WORK REQUEST: Please output only the lines running from the one that contains "Укравтодору на рік?" through the last line of the data below, exactly as they stand, with no pictures.

EXERCISE DATA:
__________
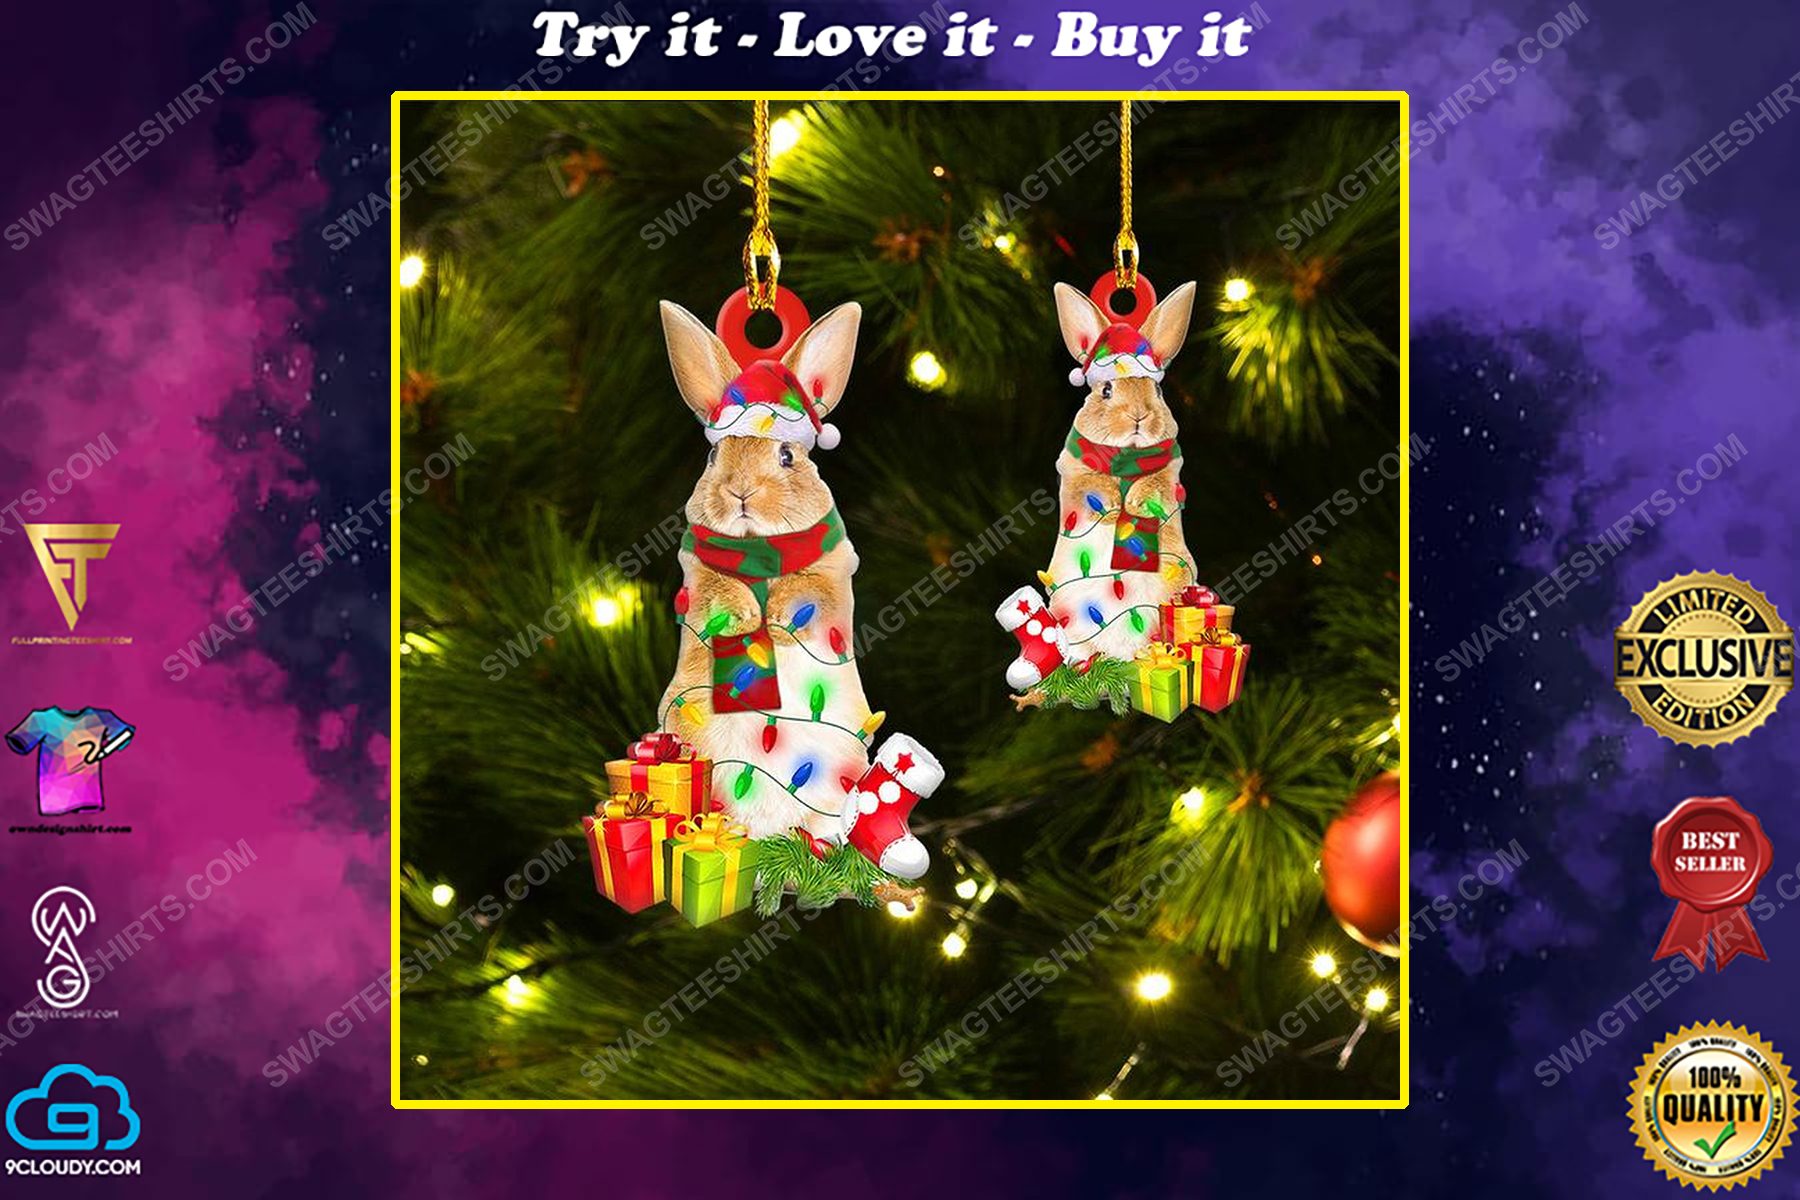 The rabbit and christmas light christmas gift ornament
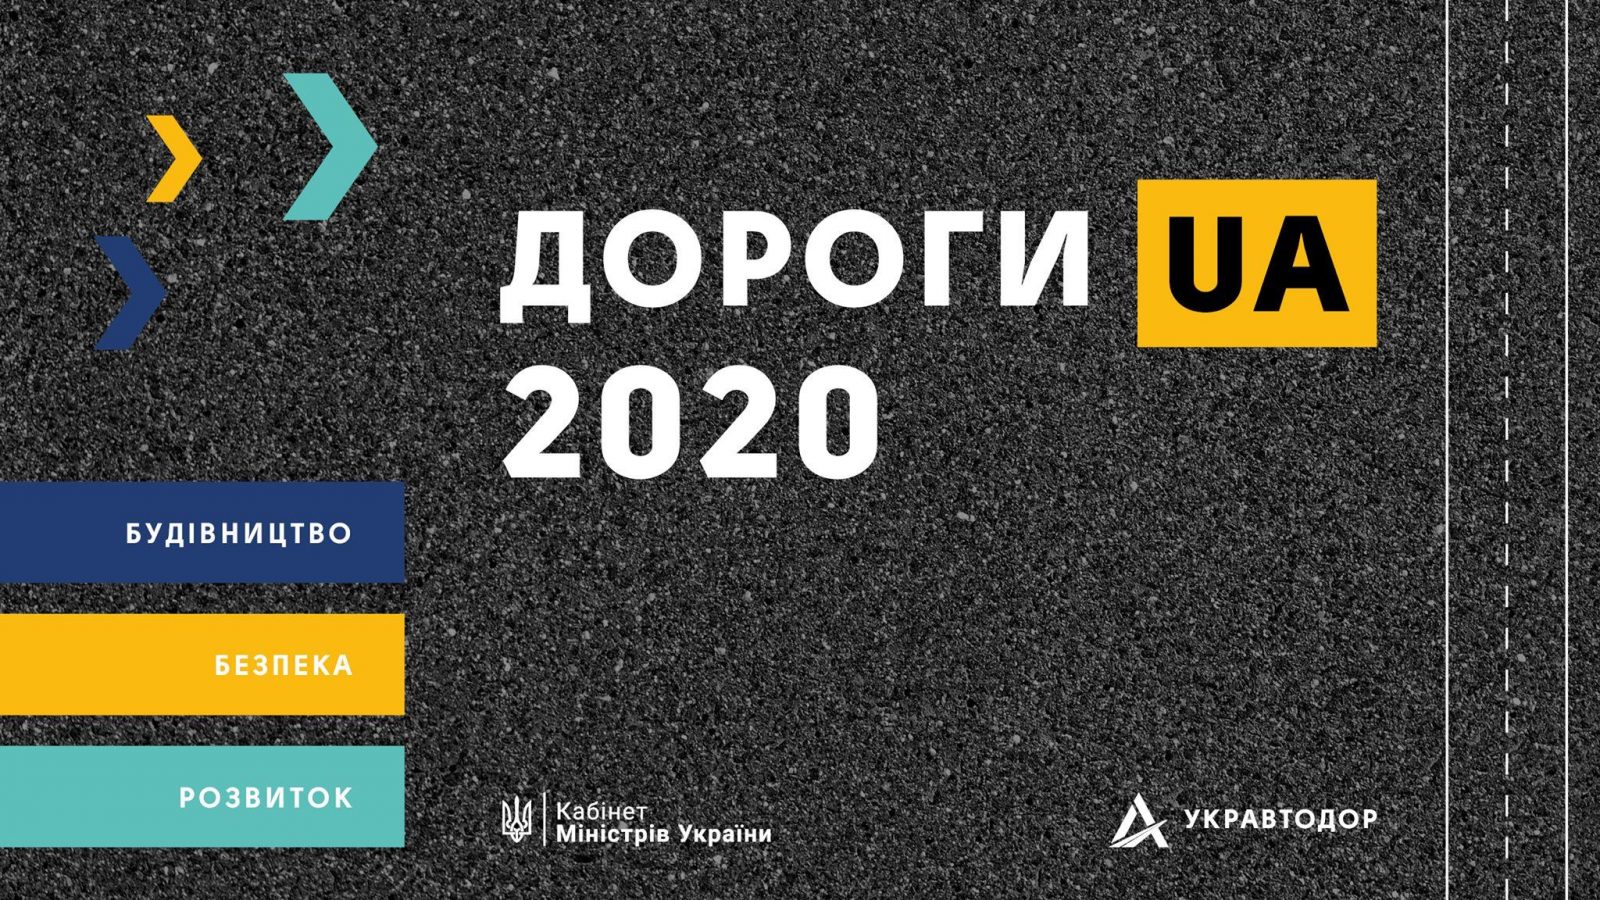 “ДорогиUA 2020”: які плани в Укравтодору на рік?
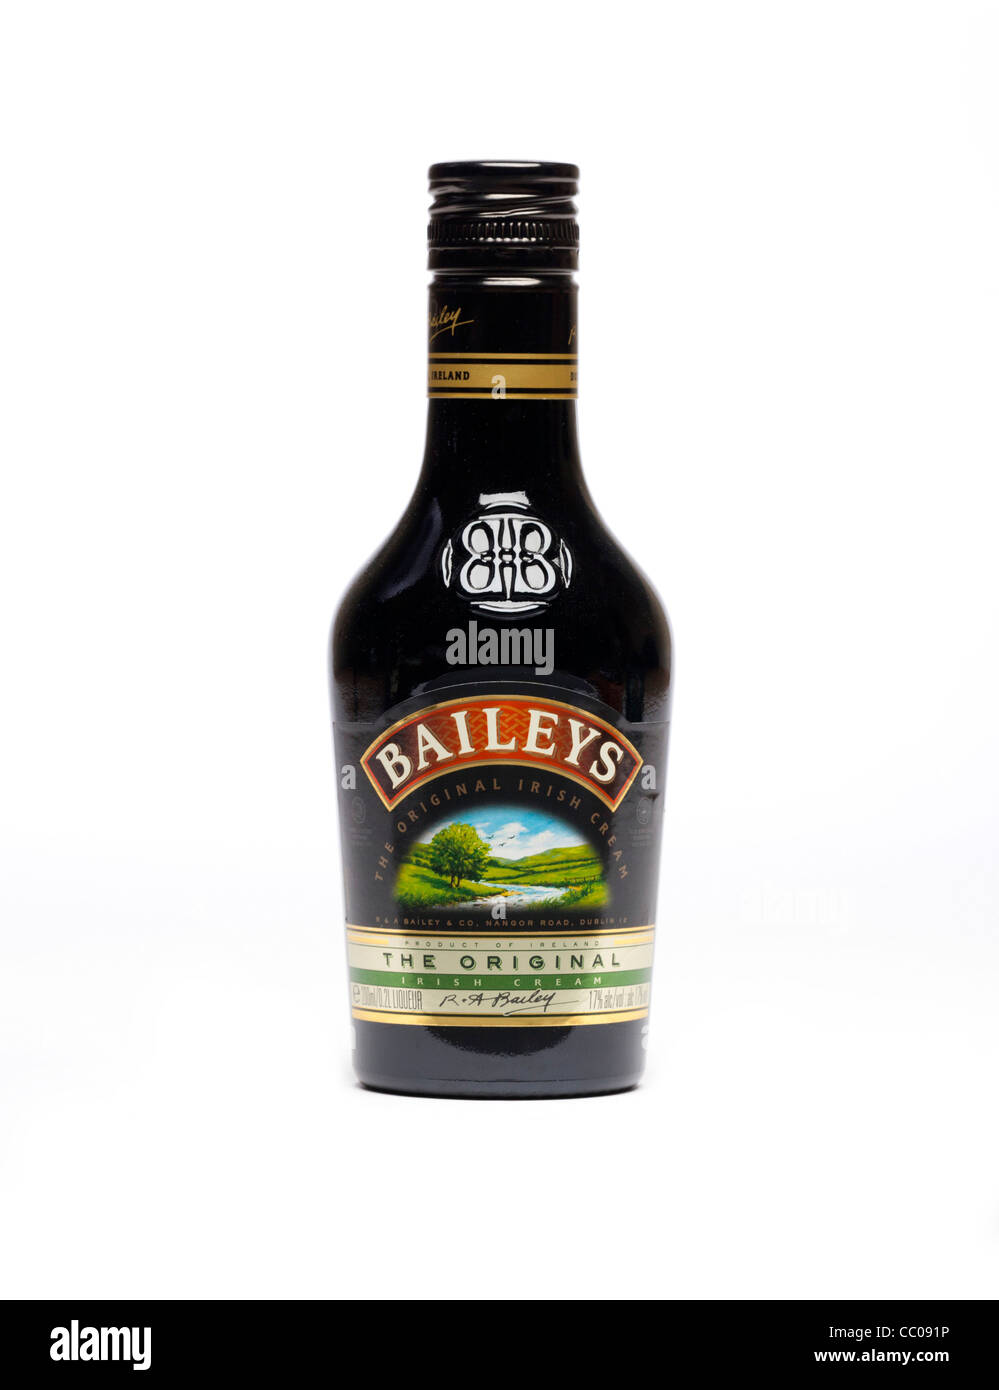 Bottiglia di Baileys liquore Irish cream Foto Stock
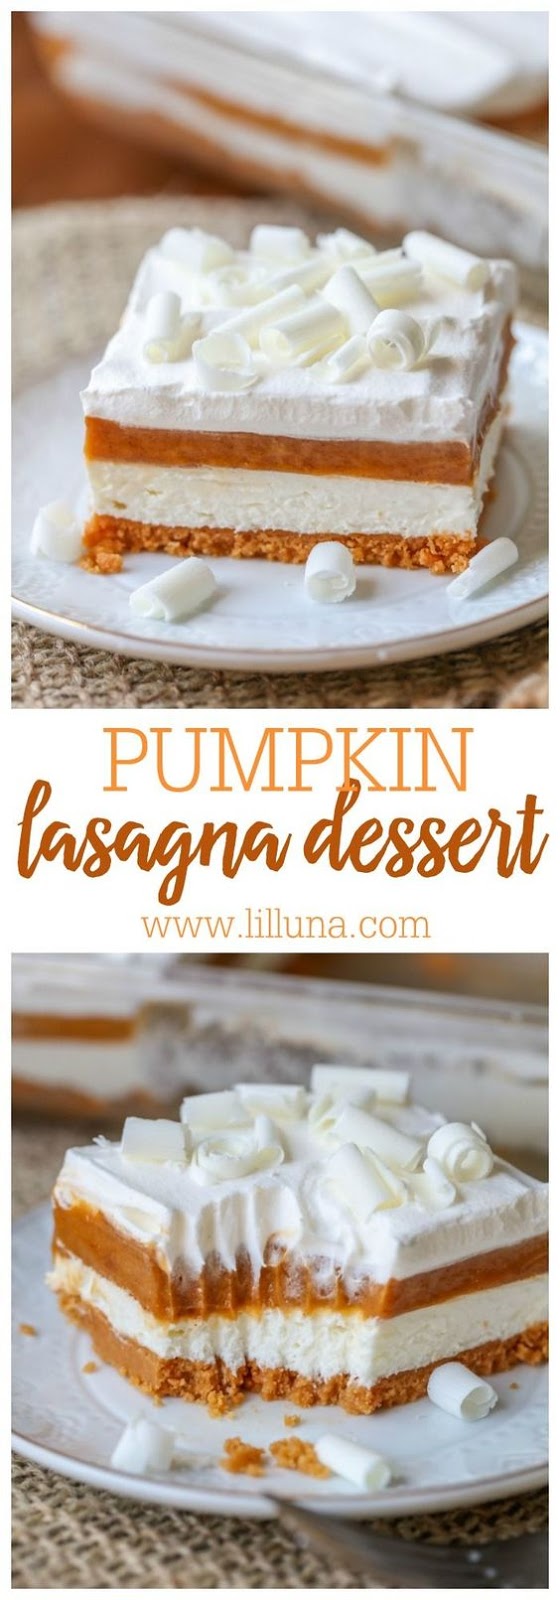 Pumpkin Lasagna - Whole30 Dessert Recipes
__________
EXERCISE ANSWER:
 “ДорогиUA 2020”: які плани в Укравтодору на рік?
 Bottiglia di Baileys liquore Irish cream Foto Stock
 Pumpkin Lasagna - Whole30 Dessert Recipes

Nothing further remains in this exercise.